Open a file.txt and find the possible start and end positions of its genes

Hi I have a file and I would like to open it and find the start and end positions of its genes,also I have some extra imformations.The beginning of each gene is mapped by the following pattern. There is an 8 letter consensus known as the Shine-Dalgarno sequence (TAAGGAGG) followed by 4-10 bases downstream before the initiation codon (ATG). However there are variants of the Shine-Dalgarno sequence with the most common of which being [TA][AC]AGGA[GA][GA].The end of the gene is specified by the stop codon TAA, TAG and TGA. It must be taken care the stop codon is found after the correct Open.Reading Frame (ORF).

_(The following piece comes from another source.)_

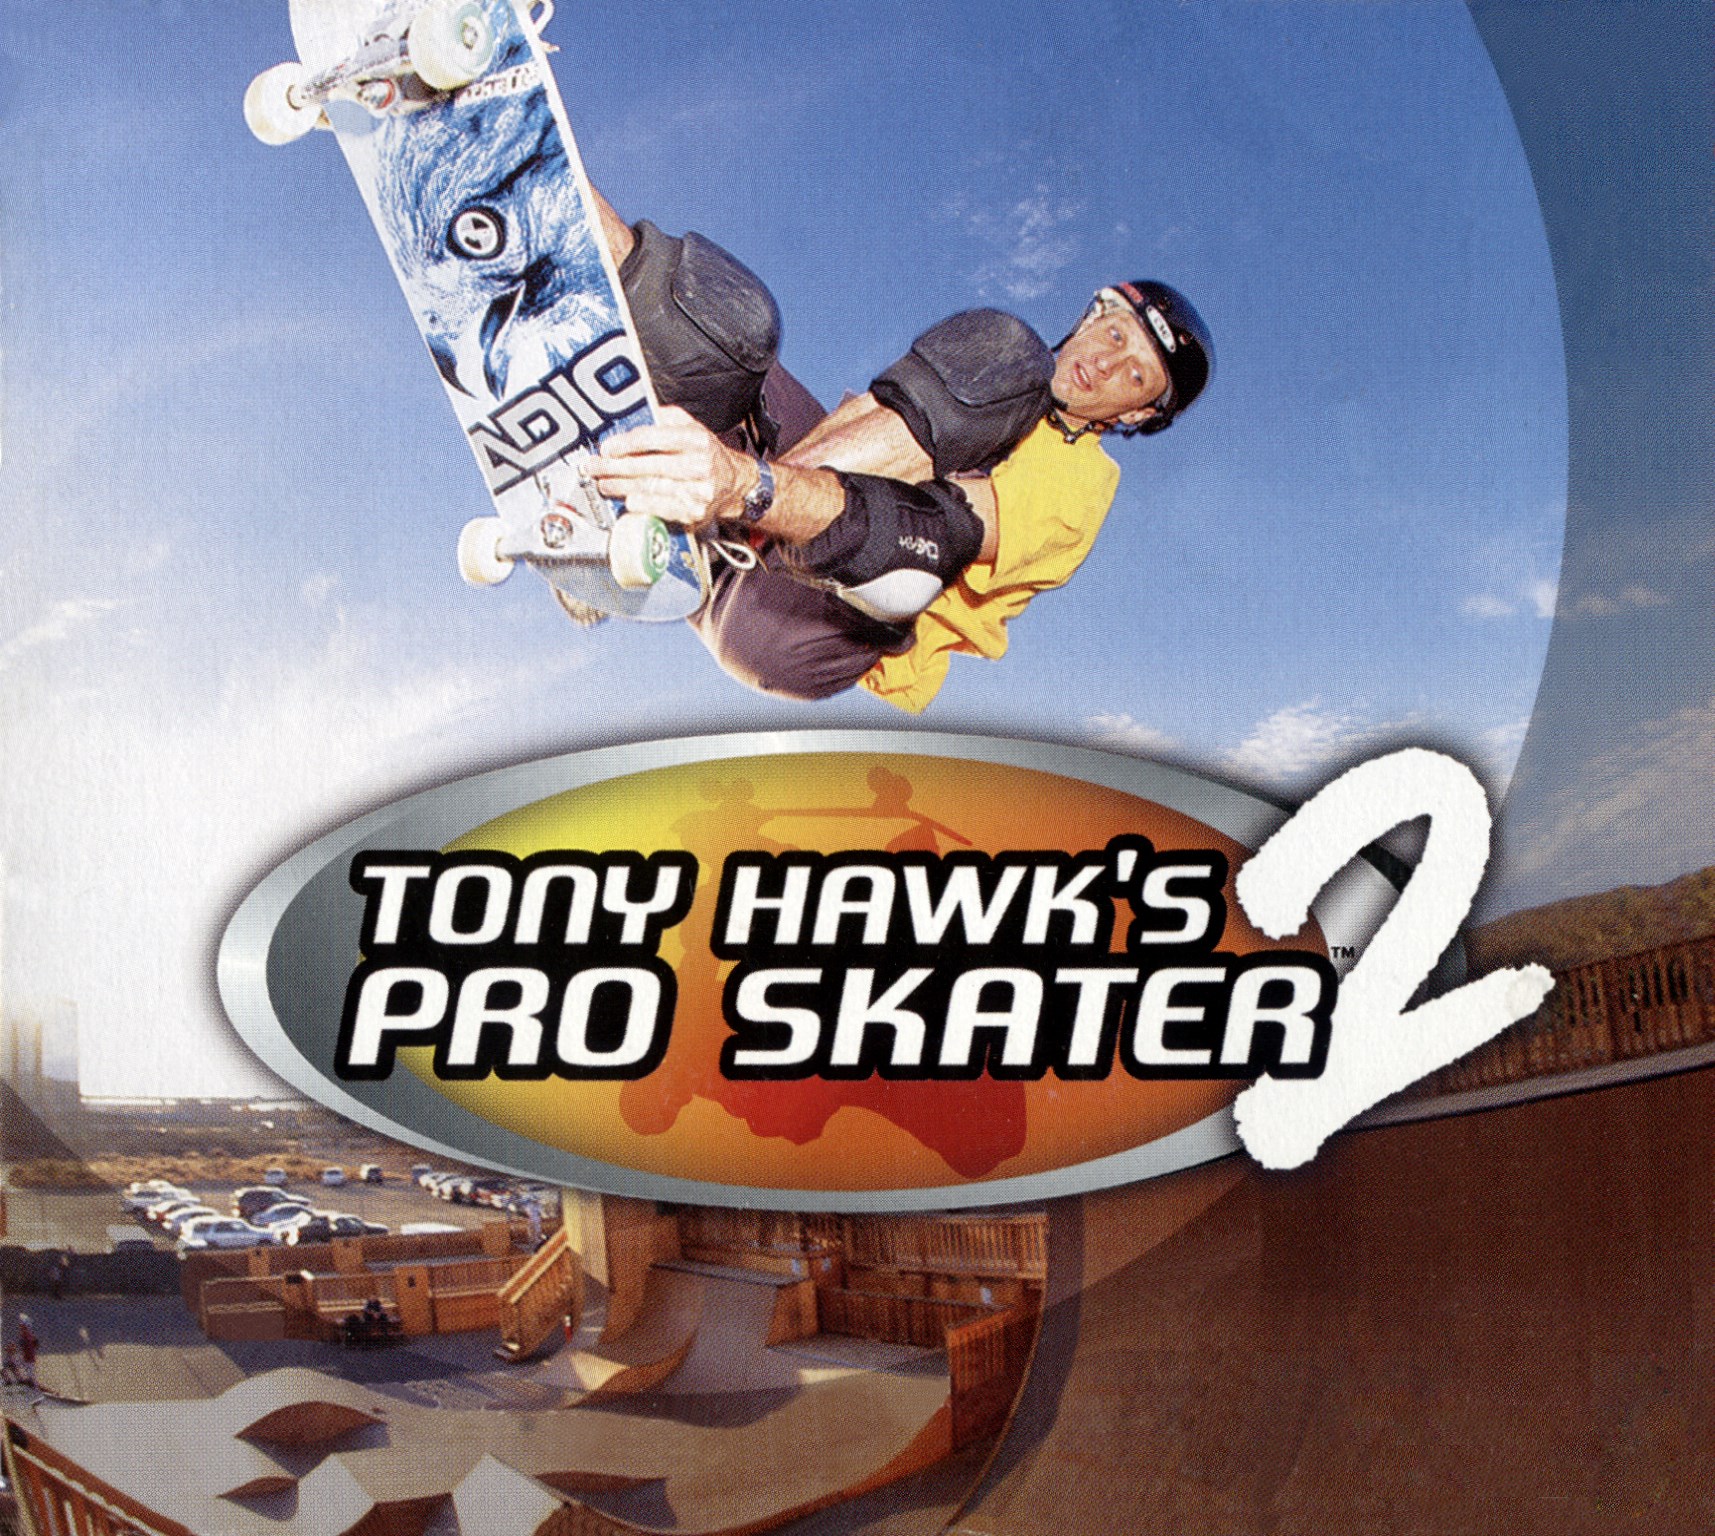 Wallpaper Images Tony Hawks Pro Skater - Tony Hawk's Pro Skater 2 64 , HD Wallpaper & Backgrounds

Now I have make a txt file with genome and I open it with this code,and the error begin when I go to read the genome and put start and end.Any help?Thanks a lot.:
#!/usr/bin/perl -w
use strict;
use warnings;
# Searching for motifs
# Ask the user for the filename of the file containing
my $proteinfilename = "yersinia_genome.fasta";
print "\nYou open the filename of the protein sequence data: yersinia_genome.fasta \n";
# Remove the newline from the protein filename
chomp $proteinfilename;
# open the file, or exit
unless (open(PROTEINFILE, $proteinfilename) )
{
print "Cannot open file \"$proteinfilename\"\n\n";
exit;
}
# Read the protein sequence data from the file, and store it
# into the array variable #protein
my #protein = <PROTEINFILE>;
# Close the file - we've read all the data into #protein now.
close PROTEINFILE;
# Put the protein sequence data into a single string, as it's easier
# to search for a motif in a string than in an array of
# lines (what if the motif occurs over a line break?)

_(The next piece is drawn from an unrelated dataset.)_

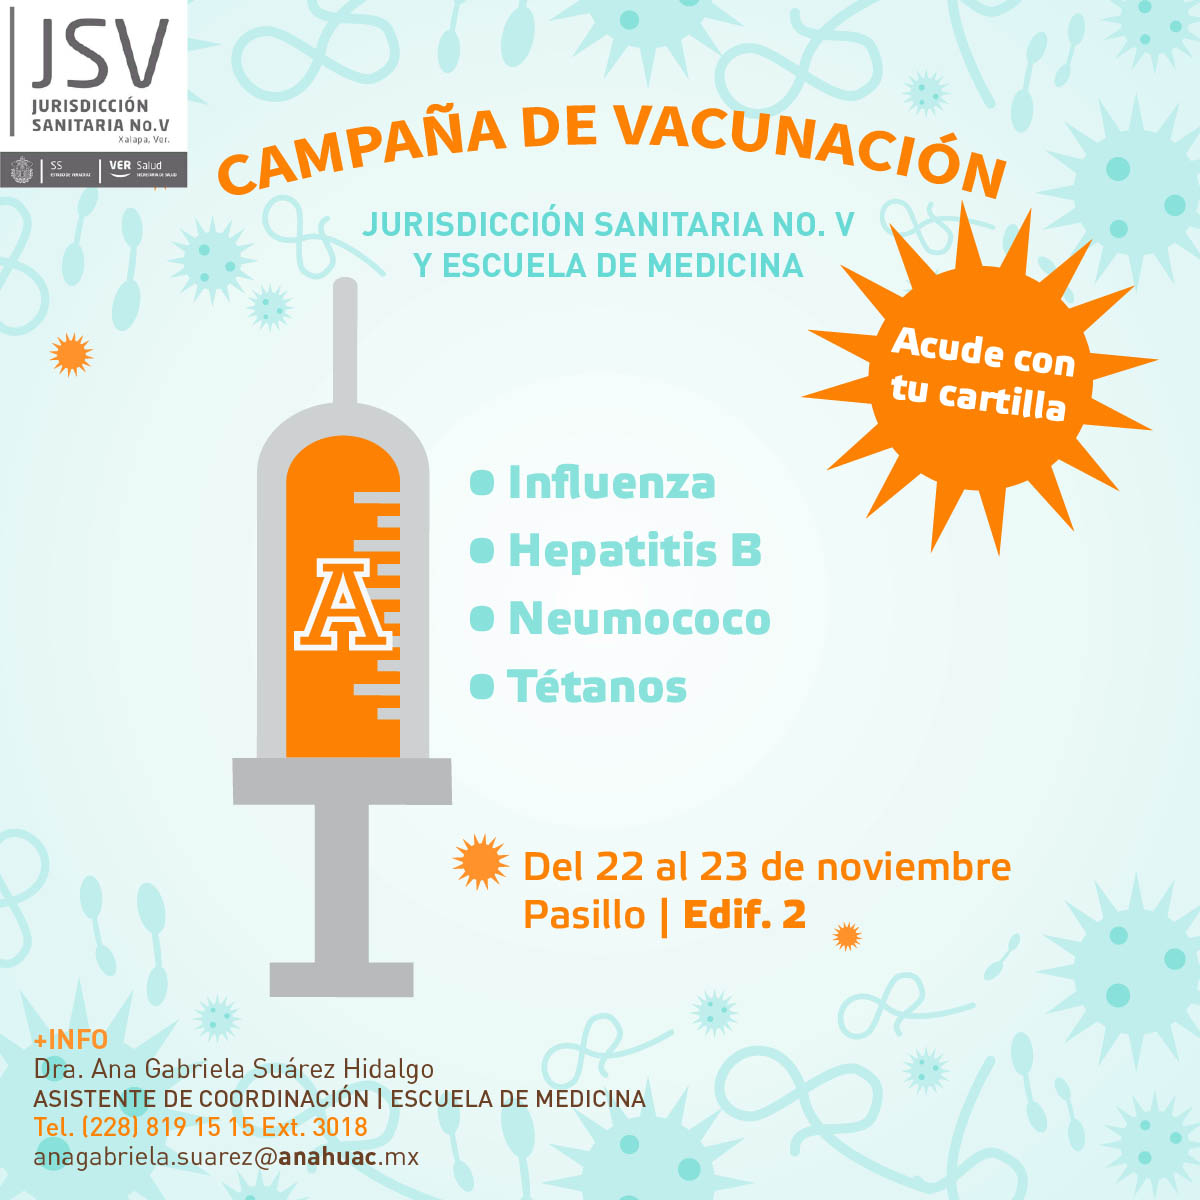 Vacunacion - Vacunación: OBJETIVO - Need help or have questions?

my $protein = join( '', #protein);
# Remove whitespace.
$protein =~ s/\s//g;
# In a loop, ask the user for a motif, search for the motif,
# and report if it was found.
my $motif='TAAGGAGG';
do
{
print "\n Your motif is:$motif\n";
# Remove the newline at the end of $motif
chomp $motif;
# Look for the motif
if ( $protein =~ /$motif/ )
{
print "I found it!This is the motif: $motif in line $.. \n\n";
}
else
{
print "I couldn't find it.\n\n";
}
}
until ($motif =~ /TAAGGAGG/g);
my $reverse=reverse $motif;
print "Here is the reverse Motif: $reverse. \n\n";
#HERE STARTS THE PROBLEMS,I DONT KNOW WHERE I MAKE THE MISTAKES
#$genome=$motif;
#$genome = $_[0];
my $ORF = 0;
while (my $genome = $proteinfilename) {
chomp $genome;
print "processing $genome\n";
my $mrna = split(/\s+/, $genome);
while ($mrna =~ /ATG/g) {
# $start and $stop are 0-based indexes
my $start = pos($mrna) - 3; # back up to include the start sequence
# discard remnant if no stop sequence can be found
last unless $mrna=~ /TAA|TAG|TGA/g;
#m/^ATG(?:[ATGC]{3}){8,}?(?:TAA|TAG|TGA)/gm;
my $stop = pos($mrna);
my $genlength = $stop - $start;
my $genome = substr($mrna, $start, $genlength);
print "\t" . join(' ', $start+1, $stop, $genome, $genlength) . "\n";
# $ORF ++;
#print "$ORF\n";
}
}
exit;
Thanks,I have make it the solution is :
local $_=$protein;
while(/ATG/g){
my $start = pos()-3;
if(/T(?:TAA|TAG|TGA)/g){
my $stop = pos;
print $start, " " , $stop, " " ,$stop - $start, " " ,
substr ($_,$start,$stop - $start),$/;
}
}
while (my $genome = $proteinfilename) {
This creates an endless loop: you are copying the file name (not the $protein data) over and over.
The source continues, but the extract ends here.